Gloria Hunniford: Penny could have used her savings to buy the house outright. But, wondering if it might be better to keep some of that money back for a rainy day, she arranged a visit with an independent financial advisor.
Penny: We decided that it was easier for me to have a small mortgage. It would then give me the opportunity to have a little bit of money in the bank. The mortgage was sorted out for £17,000 and that amount I was happy with.
Gloria Hunniford: Penny didn’t think anymore about it until last year. She decided the time was right to re-evaluate her finances. She went to a new financial advisor.
Penny: She said ‘I’ve got some devastating news to tell you. The mortgage that you had was a shared appreciation mortgage. It means, when you die, your children will have to pay a hundred thousand pounds’. I couldn’t believe this was happening to me. How can a £17000 mortgage suddenly end up being £100,000 that I owe them?

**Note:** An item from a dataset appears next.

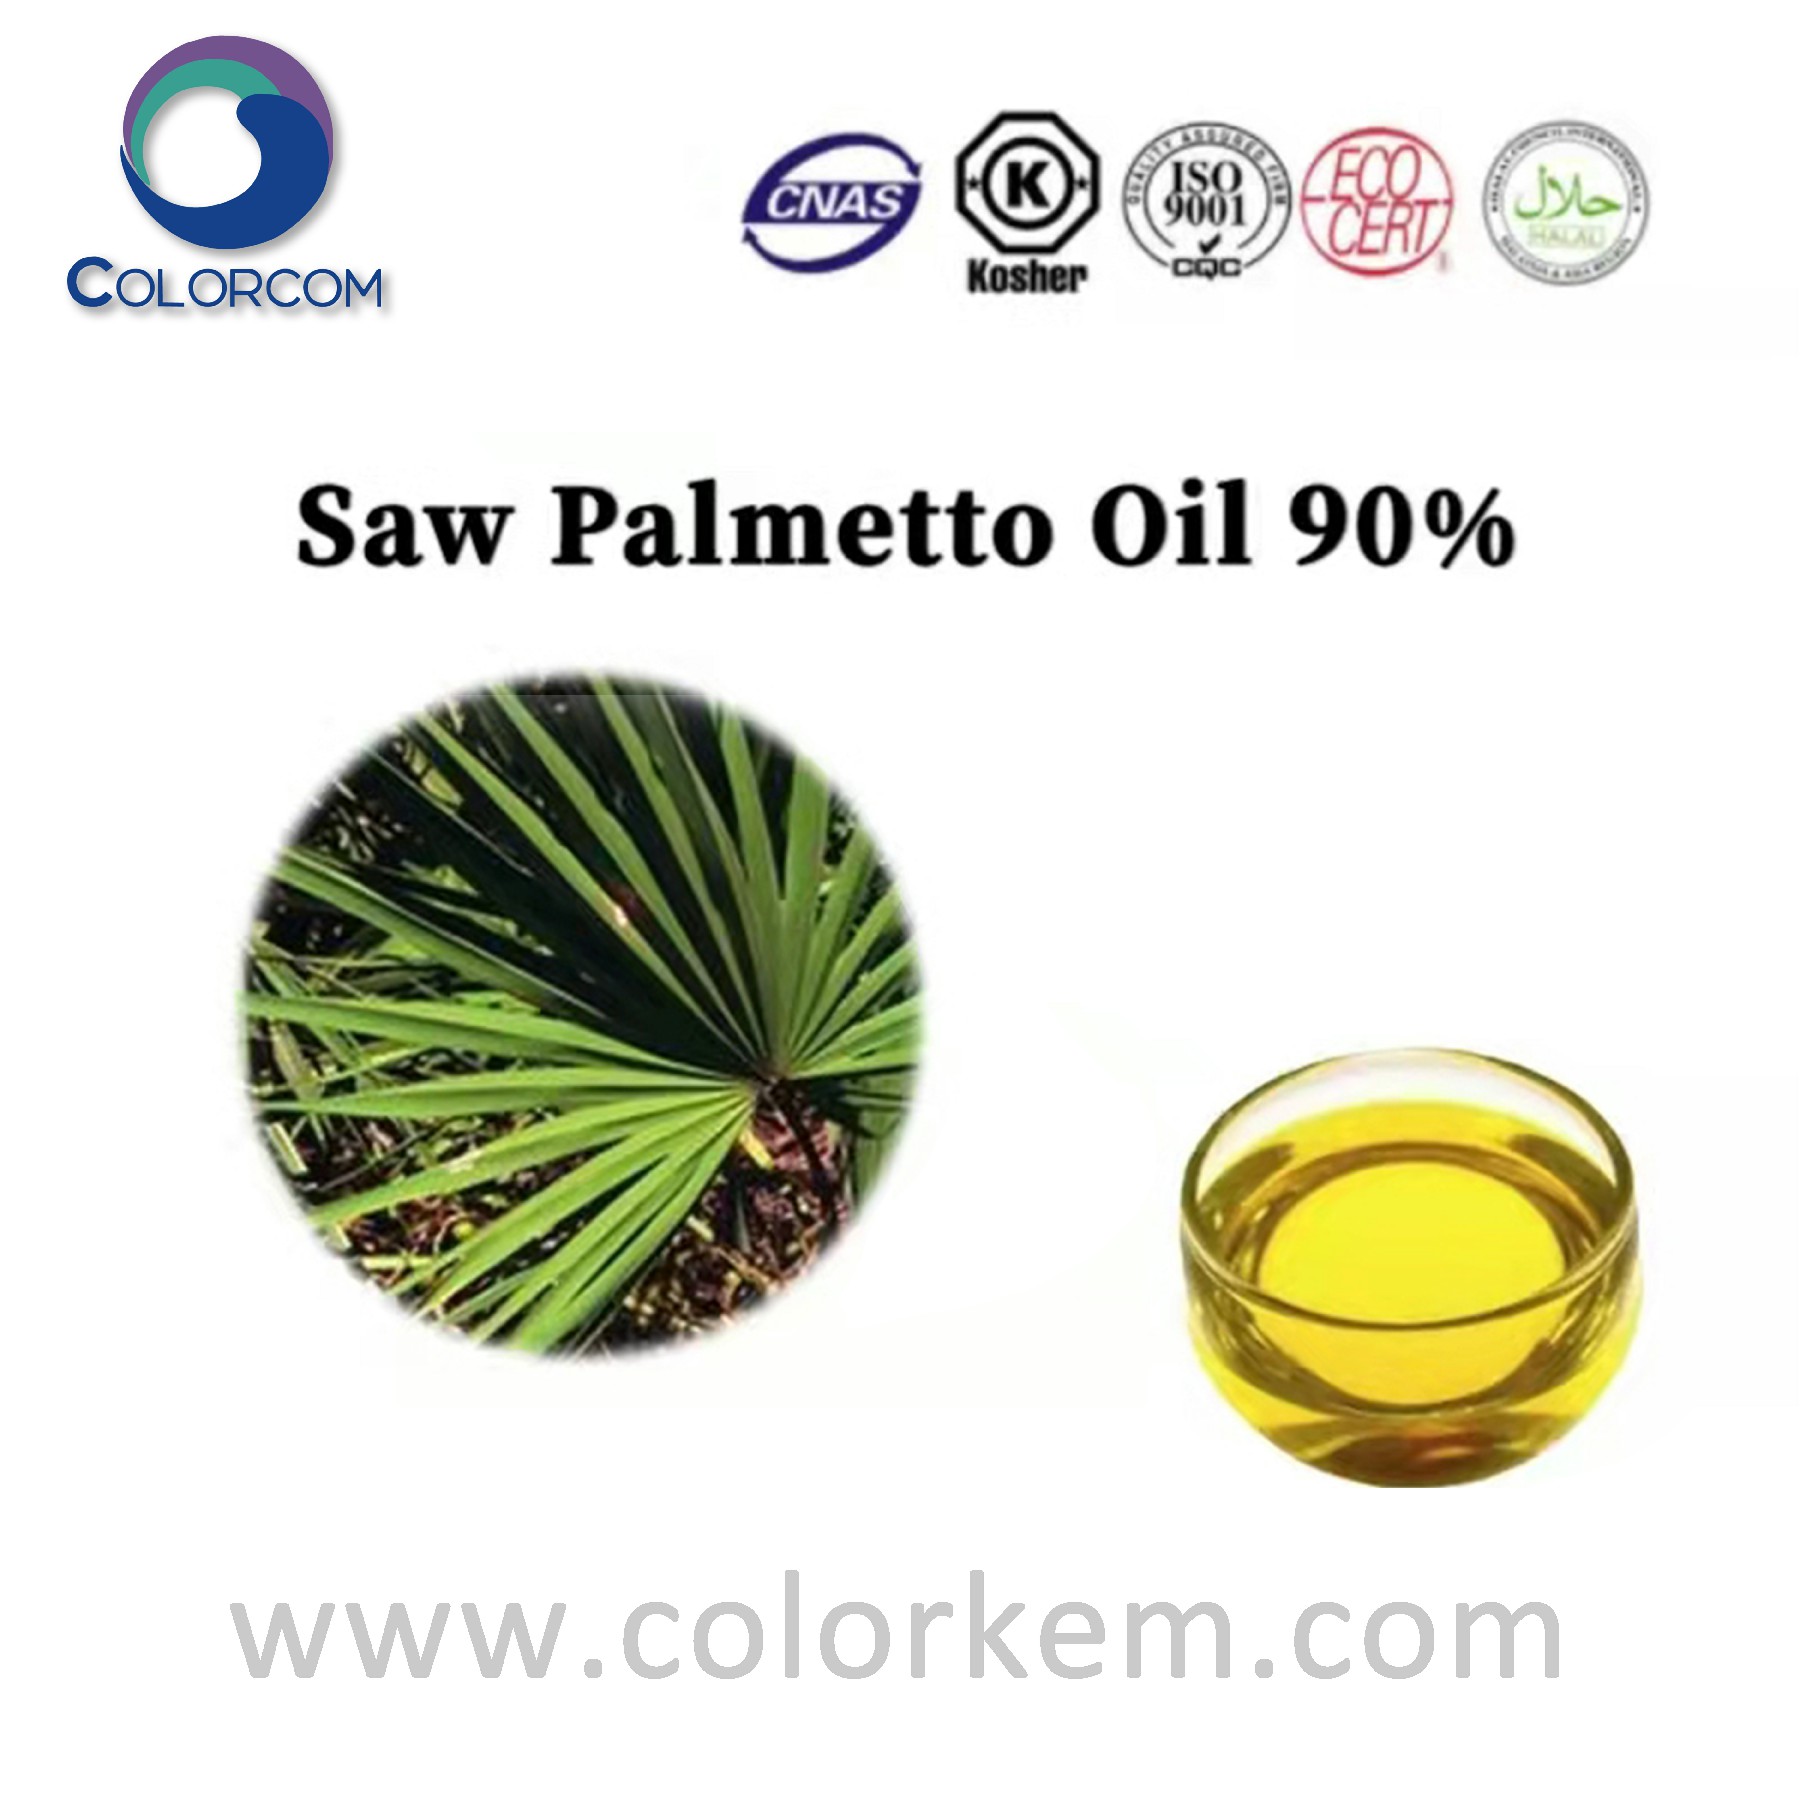 Saw palmetto oil 90

Gloria Hunniford: Effectively that’s an increase of 490 per cent. Penny just couldn’t understand how her loan had suddenly got so much bigger.
Financial Advisor: A shared appreciation mortgage is an arrangement where a home owner can borrow up to 25 per cent of the value of their home and when they come to repay that borrowing they also have to pay up to 75 per cent of the increase in value of their home as well as the loan. But, the loan itself is on a zero per cent fixed interest rate.
Gloria Hunniford: But, what no-one at the time had predicted was the property boom at the turn of the century. So, as house values shot-up so too did the amount of money that anyone with this product would find themselves owing the bank.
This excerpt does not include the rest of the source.